Красневший до корней волос Уточкин только что-то хмыкнул в ответ и, заикаясь, – ко всему он еще был заика, – уверял, что рад и счастлив, и что очень всё это лестно ему…

А что лестно, и в каком смысле, и почему, так и не договорил.

Потом где-то в порту долго пили красное вино, еще дольше завтракали в еврейской кухмистерской на Садовой, и уже поздно вечером у Брунса, без конца чокаясь высокими кружками с чёрным пивом, окончательно перешли на ты, – Куприн со свойственным ему добродушным лукавством и этой чуть-чуть наигранной, безразличной и звериной простотой, Уточкин, нервно двигая скулами, краснея и заикаясь.

Увенчанием священного союза был знаменитый полёт вдвоём на одном из первых тогда самолётов. Вся Одесса, запрудившая улицы, конная полиция, санитарные пункты, кареты скорой помощи, невиданное количество хорошеньких, как на подбор, сестёр милосердия с красными крестиками на белых наколках, подзорные трубы, фотографы, бинокли, рисовальщики, градоначальник, производивший смотр силам, стоя в пролётке, – и, наконец, не то вздох, но то крик замершей толпы и… – «белая птица, плавно поднявшись над городом, то исчезает в облаках, то снова появляется в голубой лазури», как вдохновенно писал местный репортер Трецек.

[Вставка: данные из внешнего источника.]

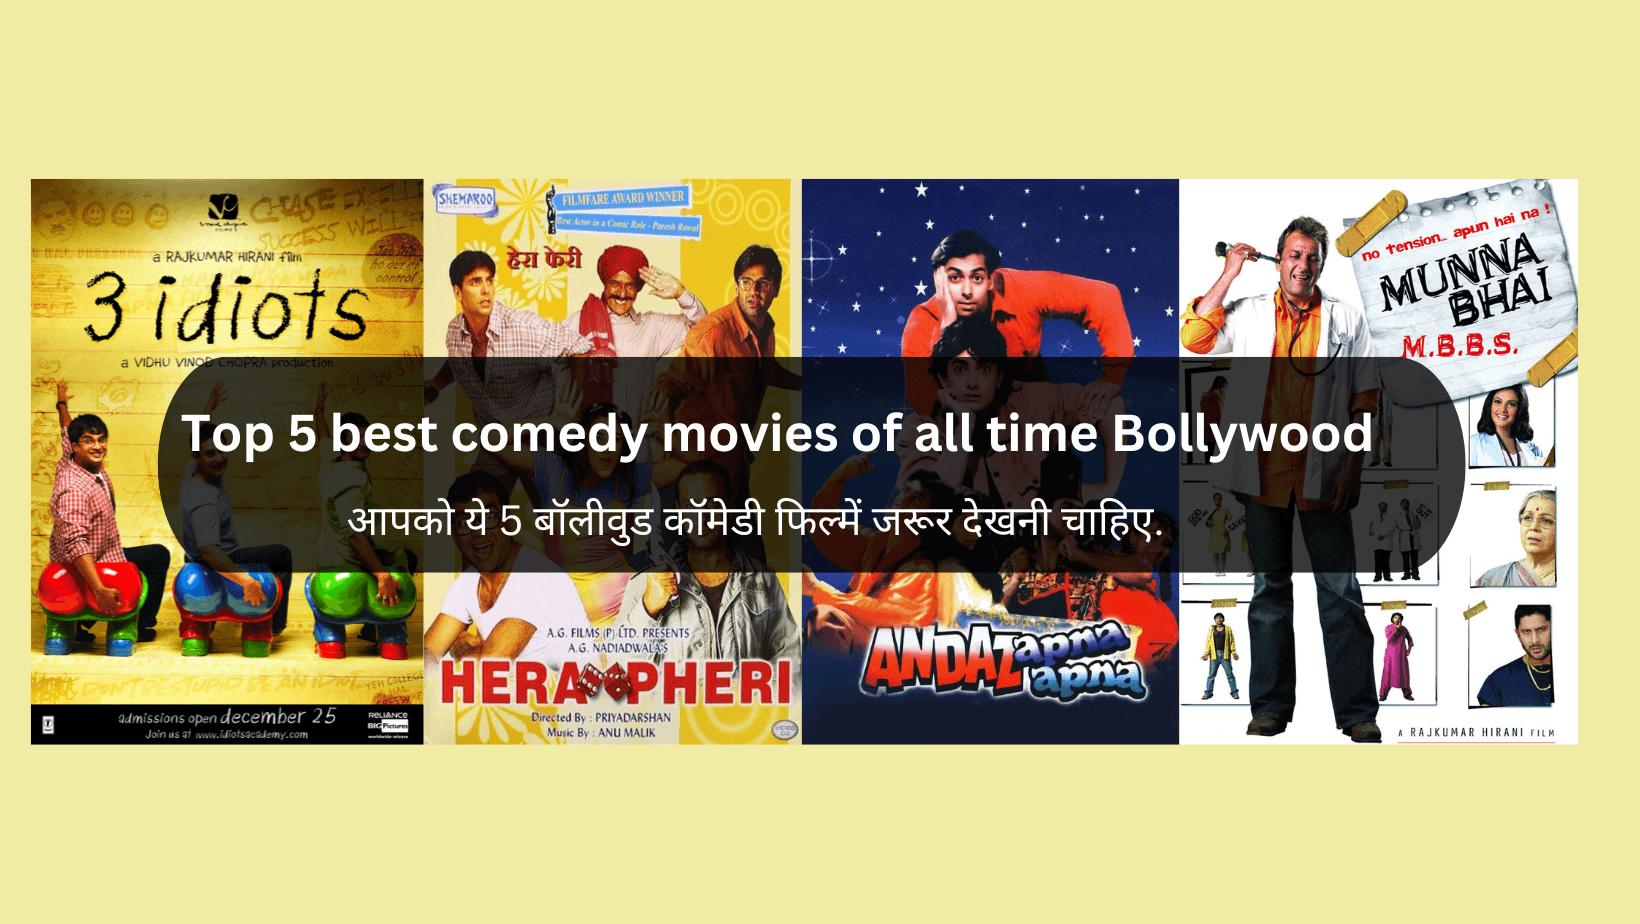 Top 5 best comedy movies of all time Bollywood

Впрочем сами участники этой нашумевшей тогда прогулки, и А. И. Куприн, и Уточкин, подробно рассказали о своих воздушных впечатлениях на страницах «Одесских новостей».

Надо ли говорить, каким громом аплодисментов встретила Уточкина «Северная гостиница», когда чуть ли не на следующий день «король воздуха», как выражался не успокоившийся Трецек, осчастливил её своим посещением?

Саша Джибелли поднёс ему венок из живых цветов с муаровой лентой и соответствующей надписью древнеславянской вязью.

Два Аякса троекратно облобызались, оркестр сыграл туш, а когда Перла Гобсон, освещённая какими-то фиолетовыми лучами, произнесла по-английски несколько приветственных слов от имени дирекции кафе-шантана, энтузиазм публики достиг апогея.

Весь зал поднялся со своих мест, какие-то декольтированные дамы, не успев протиснуться к Уточкину, душили в своих объятиях сиявшего отраженным блеском Сашу Джибелли, а героя дня уже несли на руках друзья, поклонники, спортсмены, какие-то добровольные безумцы в смокингах и пластронах, угрожавшие утопить его в ванне с шампанским…

Положение спас С. Ф. Сарматов, знаменитый куплетист и любимец публики, говоря о котором одесситы непременно прибавляли многозначительным шёпотом:

– Брат известного профессора харьковского университета Опеньховского, первого специалиста по внематочной беременности!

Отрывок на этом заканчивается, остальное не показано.